I have the following data using the XGBoost regression algorithm to perform prediction. The problem is, however, that the regression algorithm predicts the same output for any input and I'm not really sure why.
data= pd.read_csv("depthwise_data.csv", delimiter=',', header=None, skiprows=1, names=['input_size','input_channels','conv_kernel','conv_strides','running_time'])
X = data[['input_size', 'input_channels','conv_kernel', 'conv_strides']]
Y = data[["running_time"]]
X_train, X_test, y_train, y_test = train_test_split(
np.array(X), np.array(Y), test_size=0.2, random_state=42)
y_train_log = np.log(y_train)
y_test_log = np.log(y_test)
xgb_depth_conv = xgb.XGBRegressor(objective ='reg:squarederror',
n_estimators = 1000,
seed = 123,
tree_method = 'hist',
max_depth=10)
xgb_depth_conv.fit(X_train, y_train_log)
y_pred_train = xgb_depth_conv.predict(X_train)
#y_pred_test = xgb_depth_conv.predict(X_test)
X_data=[[8,576,3,2]] #instance
X_test=np.log(X_data)
y_pred_test=xgb_depth_conv.predict(X_test)

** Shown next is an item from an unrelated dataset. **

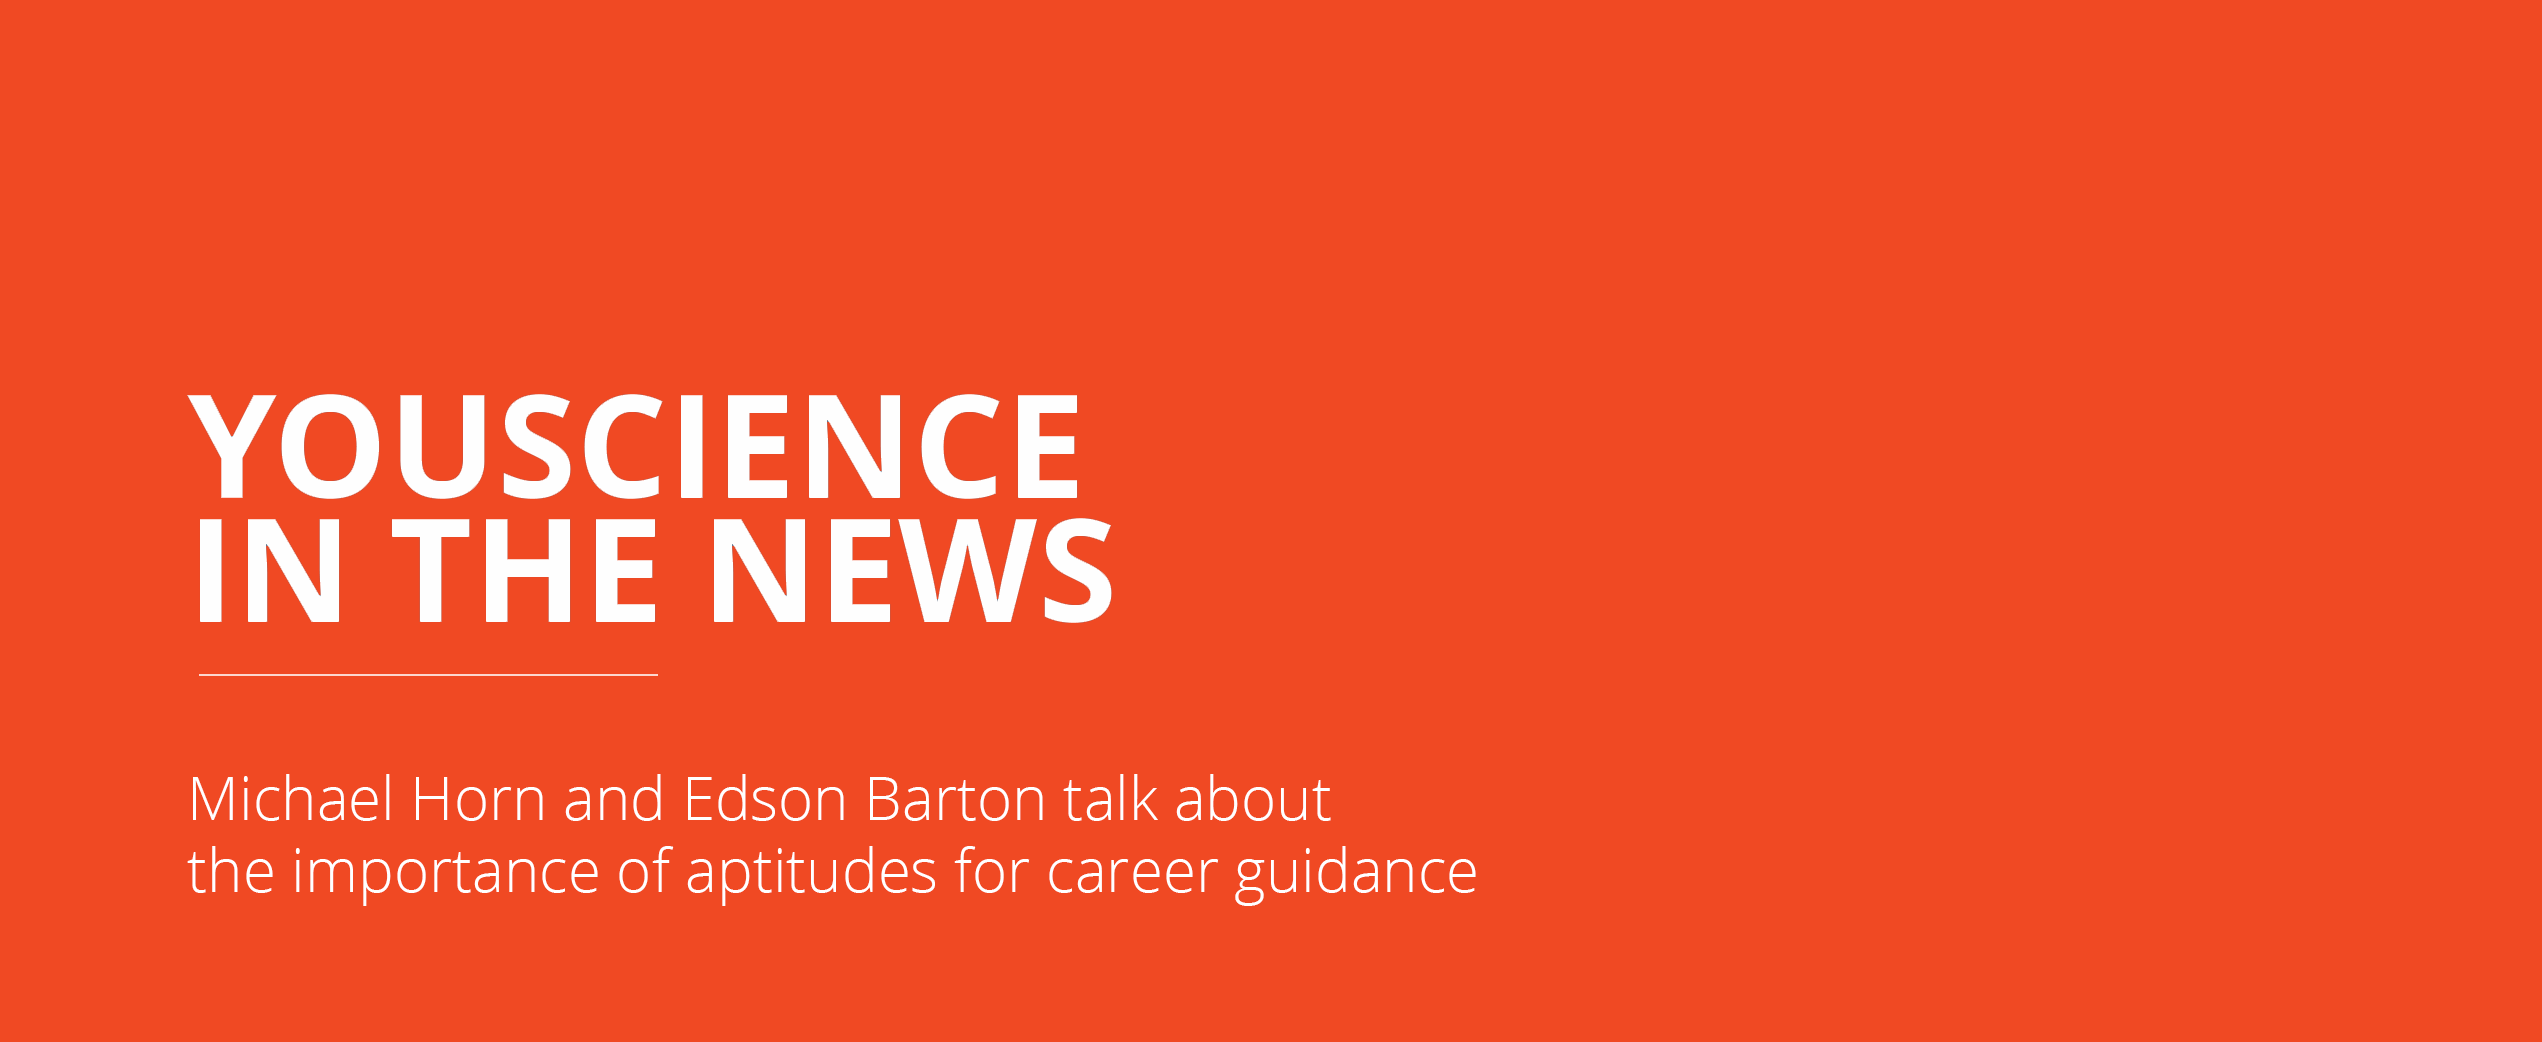 Michael Horn and Edson Barton talk about the importance of aptitudes for career guidance

print(np.exp(y_pred_test))
MSE_test, MSE_train = mse(y_test_log,y_pred_test), mse(y_train_log, y_pred_train)
R_squared = r2_score(y_pred_test,y_test_log)
print("MSE-Train = {}".format(MSE_train))
print("MSE-Test = {}".format(MSE_test))
print("R-Squared: ", np.round(R_squared, 2))
Output for first instance
X_data=[[8,576,3,2]]
print(np.exp(y_pred_test))
[0.7050679]
Output for second instance
X_data=[[4,960,3,1]]
print(np.exp(y_pred_test))
[0.7050679]
CodePudding user response:
Your problem stems from this X_test=np.log(X_data)
Why are you applying log
on the test cases while you have not applied it on the training samples?
If you take away the np.log
completely, even from the target (y), you get really good results. I tested it myself with the data you provided us with.